What to consider before installing
What to consider before installing:
- Metadata mismatch: The registry lists no required env vars, but the code expects and uses LLM API keys (GROQ_API_KEY, ANTHROPIC_API_KEY, GOOGLE_API_KEY) and a TAVILY_API_KEY. Do not provide production secrets until you confirm which keys are actually needed.
- .env loading: The code explicitly loads ../.env. That will read any secrets placed there; avoid sharing a .env containing unrelated credentials. Prefer running in a disposable/sandbox environment.
- Network calls: The agent calls external services (CoinGecko, Tavily, and LLM provider APIs). Confirm you trust those endpoints and the privacy of any data you send (news text, token names, and any contextual logs).

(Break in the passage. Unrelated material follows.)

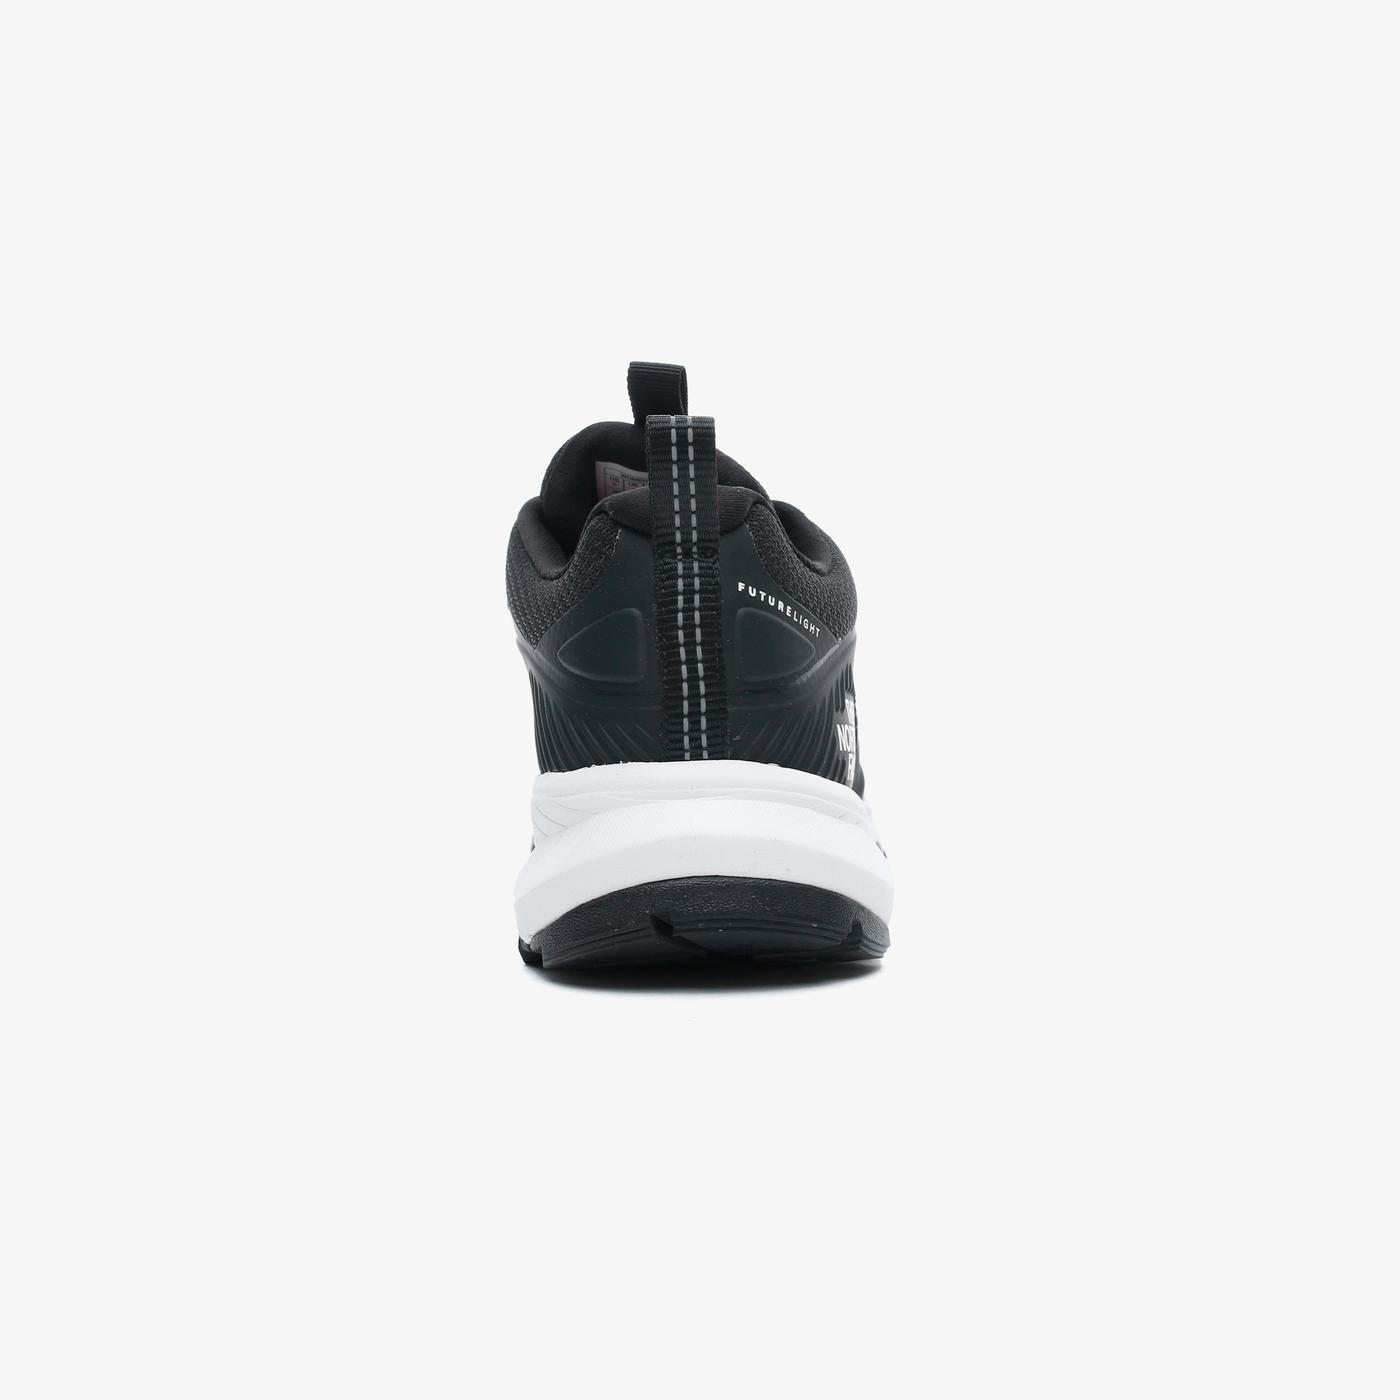 The North Face Ultra Fastpack IV Futurelight Kadın Siyah Spor Ayakkabı

- Logging: The code logs API key presence and provider names; logs may expose metadata about your keys. Consider removing or redacting such logging before running in production.
- Dependencies: Installation will pull packages from npm (openai, @anthropic-ai/sdk, dotenv). Audit dependencies or install in an isolated environment.
- Prompt behavior: The skill forces strict JSON system prompts to the LLM. This is normal for structured output but could be abused to coerce models; review the system prompts in analyzer.ts to ensure they do not request data exfiltration or to override host policies.
Recommended actions:
1) Inspect and sanitize the .env.example and any .env you plan to use; only include the minimal keys needed.
2) Run the skill in a sandboxed environment (no access to sensitive .env or production networks) and monitor outbound traffic.
3) If you intend to use your own LLM keys, prefer creating dedicated limited-permission API keys.
4) Ask the publisher to update registry metadata to declare required env vars and to remove any logging of secret presence.
Given the undisclosed secret access and metadata mismatch, treat this skill as suspicious until those issues are resolved.